I am so sorry you lost him.


----------



## Keegan62 (Aug 17, 2008)

I am so sorry for your loss I know it is really terrible
The picture you creaed is a beautiful tribute and he was a beautiful beautiful dog.....


----------



## Sara (Jun 2, 2005)

awwww thanks guys










Count Bruno, A good friend of mine made that pic of him for me just after we lost him


----------



## Annikas Mom (Jun 10, 2004)

Oh Sara, what a beautiful tribute to such a wonderful boy!

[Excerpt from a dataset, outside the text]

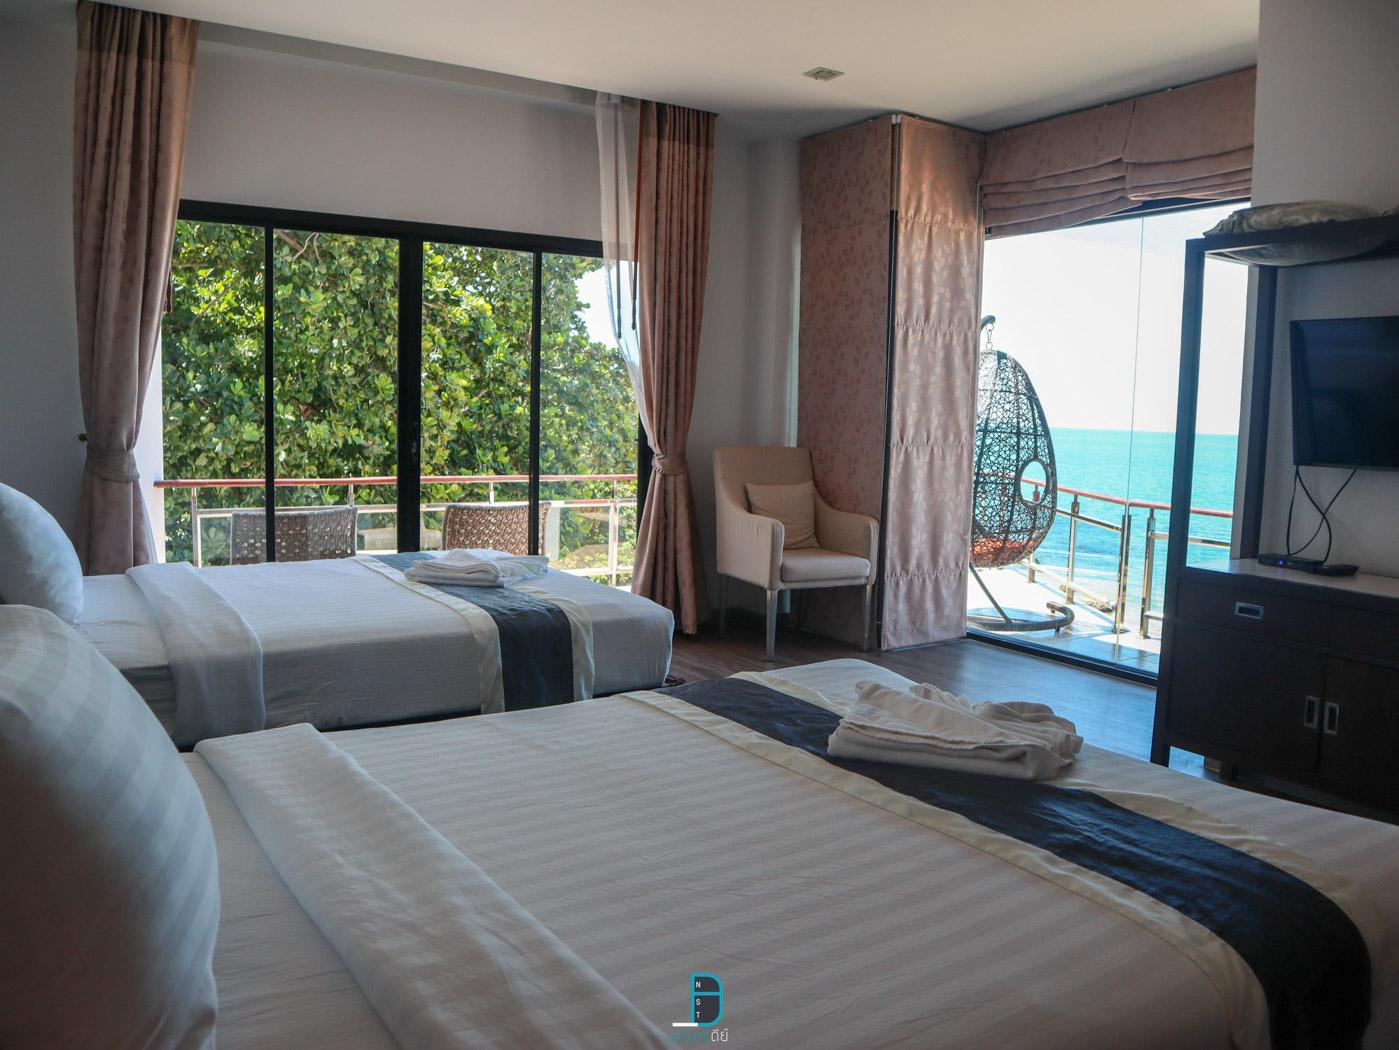 ห้องพัก-ห้อง-Top-ชั้น-3-เตียงใหญ่-2-เตียงวิวทะเล  ประสานสุข,วิลล่า,บีช,รีสอร์ท,นครศรีธรรมราช,ที่พัก,สิชล

Run Free Buster... until we meet again...


----------



## Sara (Jun 2, 2005)

awwww thanks Dar


----------



## Sean Rescue Mom (Jan 24, 2004)

My deepest condolences to you and your family. It really struck a nerve with me since we rescued Sean as well and he is 10 1/2. I'm so sorry for your loss, and hope his memories will help fill the void over the weeks that lie ahed.







RIP sweet Buster.


----------



## pboyer (Feb 5, 2009)

I too lost a baby in sept 2008 ..bless you and that is a beautiful picture.


----------



## Sashmom (Jun 5, 2002)

Im so sorry for your loss and I know how you feel about wanting to turn back the clock. You never quit missing them. 
RIP Buster


----------



## Qyn (Jan 28, 2005)

RIP, Buster.









I am very sorry for your loss - that was a very moving tribute to him.


----------



## Katerlena (May 30, 2008)

So sorry for the loss of your sweet Buster.
Thats such a beautiful photo. He does look like a gentle loving giant


----------



## elly1210 (Jan 4, 2009)

huge hugs, we recently lost our husky, Niketa, in Nov of 08, she was 14y.


----------



## wolfstraum (May 2, 2003)

Buster.....your loving family will meet you at the bridge

The collage is a wonderful tribute to him...he was lucky to be so loved.

Lee


----------